U.S. Court of Appeals for the 7th Circuit
Consumer Protection — Lemon Law — Magnuson-Moss
It was not error to submit both the plaintiff’s Lemon Law claim and his Magnuson-Moss claim to the jury.
“The court did not err in this case by submitting the Magnuson-Moss claim to the jury. The jury was instructed that the elements of the Magnuson-Moss claim were: (1) a defect, (2) covered by warranty, (3) a reasonable opportunity for the manufacturer to repair, and (4) the manufacturer’s failure to repair within a reasonable time. Those elements overlapped substantially with the Lemon Law claim.

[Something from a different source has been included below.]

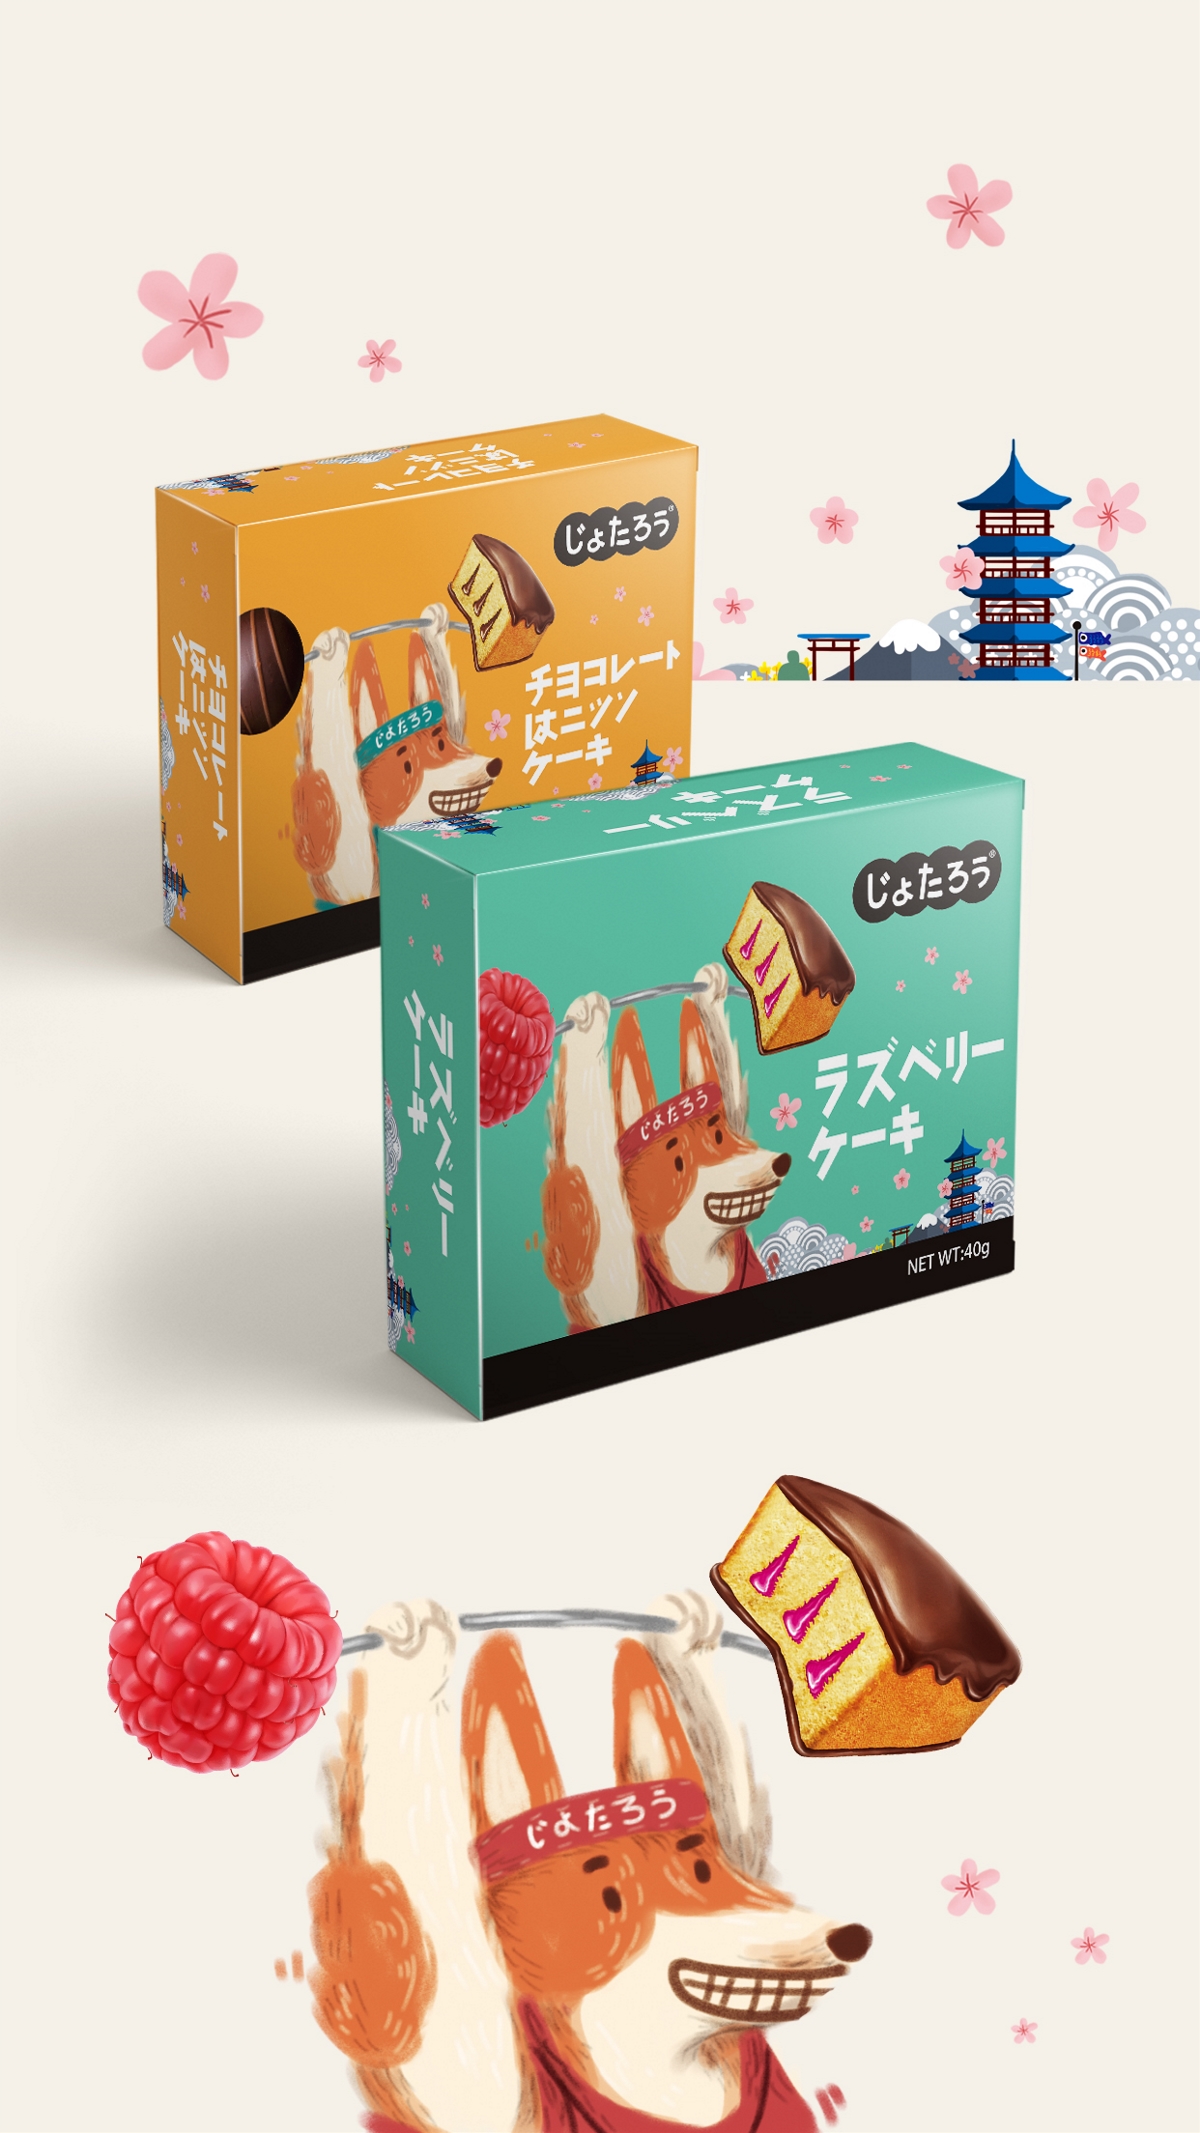 思羿策划【日系】蛋糕包装设计
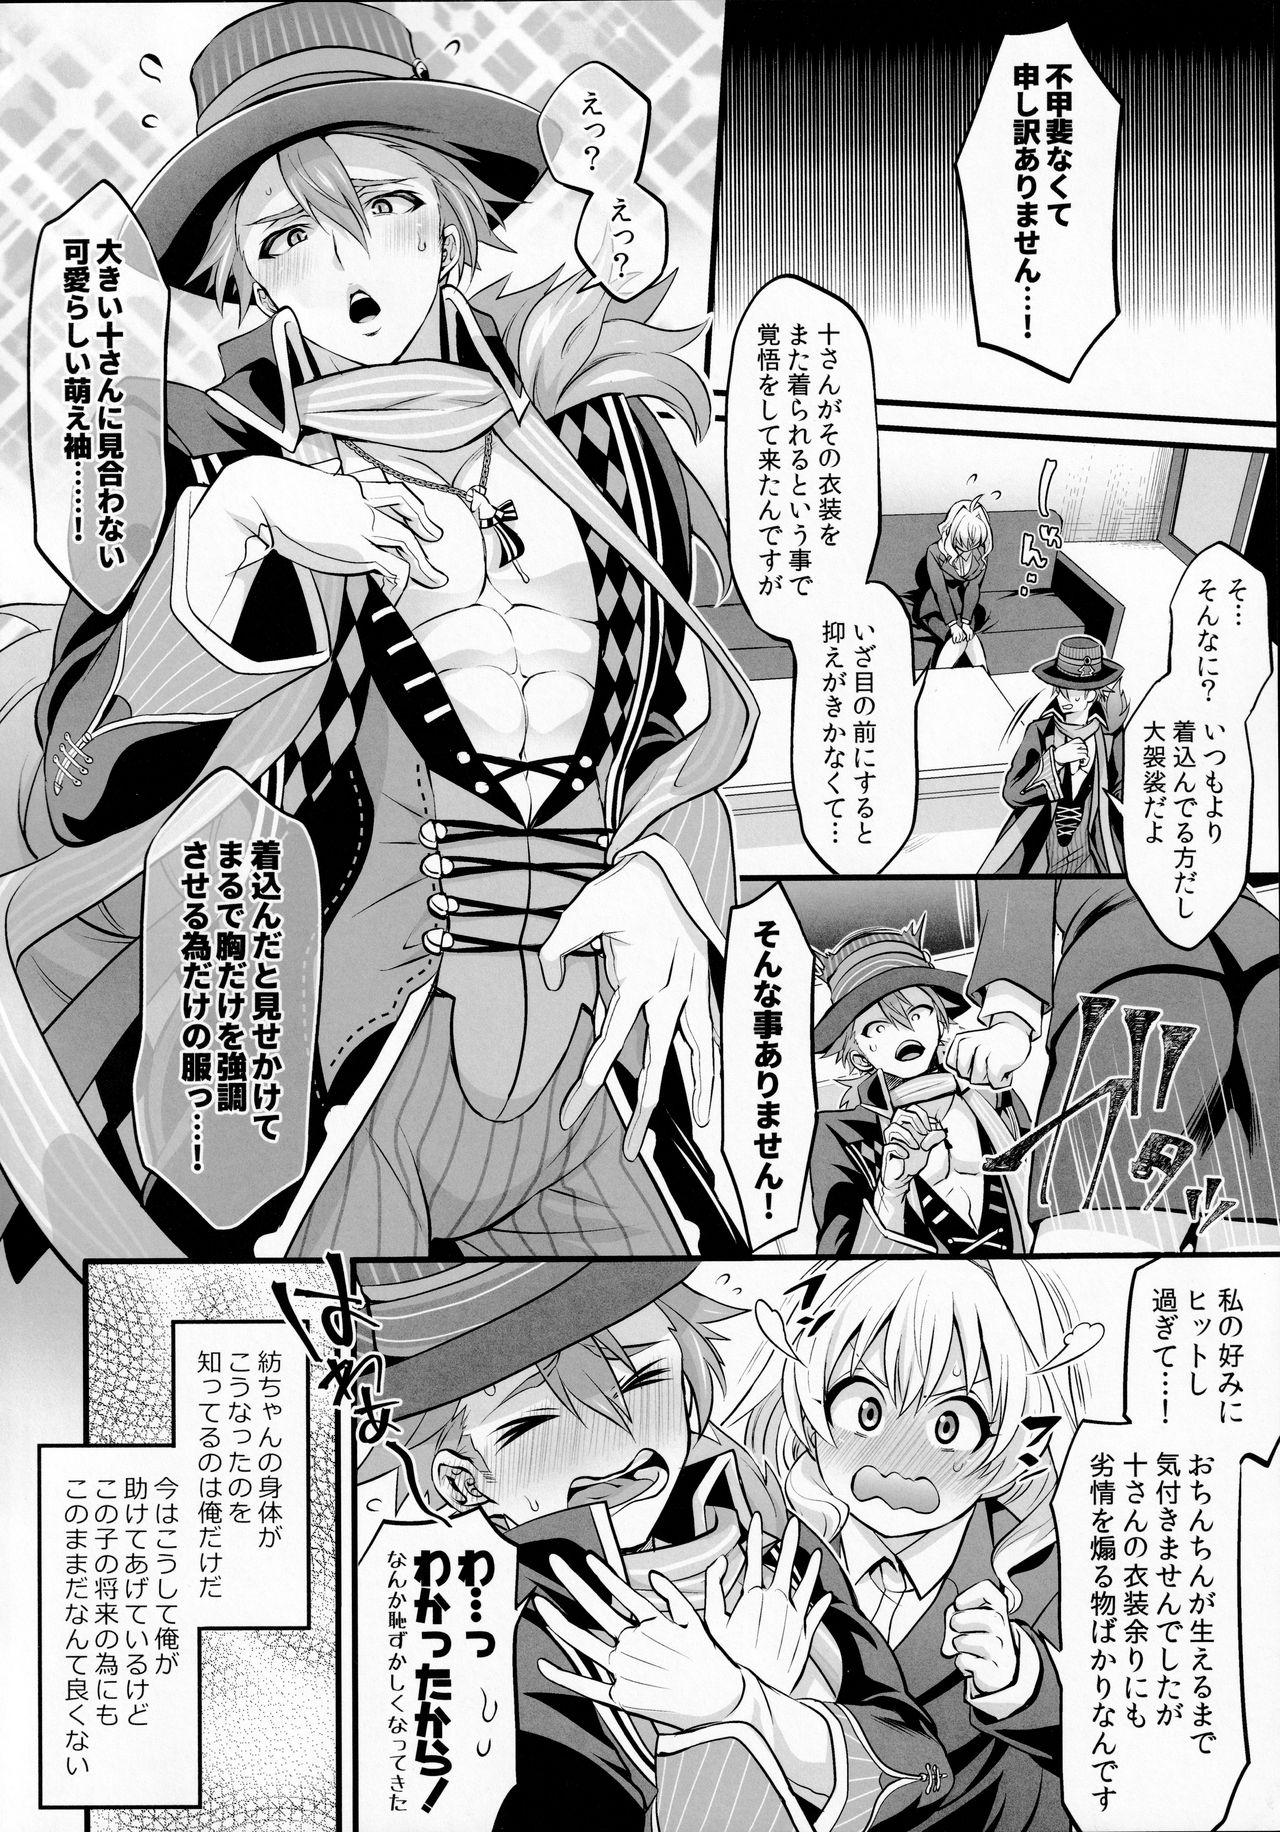 Atm Watashi no Ochinchin ga Amaeta Gatterun desu! - Idolish7 Gritona - Page 4

The evidence was clearly sufficient to support a verdict as to liability, which was the only issue presented to the jury. The Magnuson-Moss claim also was not irrelevant because the court might have awarded equitable relief available only under federal law. Also, Burzlaff might still have recovered attorney fees and costs under his federal claim even if the jury had found for Thoroughbred on the Lemon Law claim. See 15 U.S.C. § 2310(d)(2). The availability of equitable relief is relevant even though Burzlaff did not specifically request it beyond the generic prayer for ‘all such other relief as the Court deems just and equitable’ in his complaint. The district court should award the prevailing party any relief to which he is entitled, whether or not he has asked for it in his complaint. See Fed. R. Civ. P. 54(c).”
13-2520 Burzlaff v. Thoroughbred Motorsports, Inc.
Appeal from the United States District Court for the Eastern District of Wisconsin, Goodstein, Mag. J., Hamilton, J.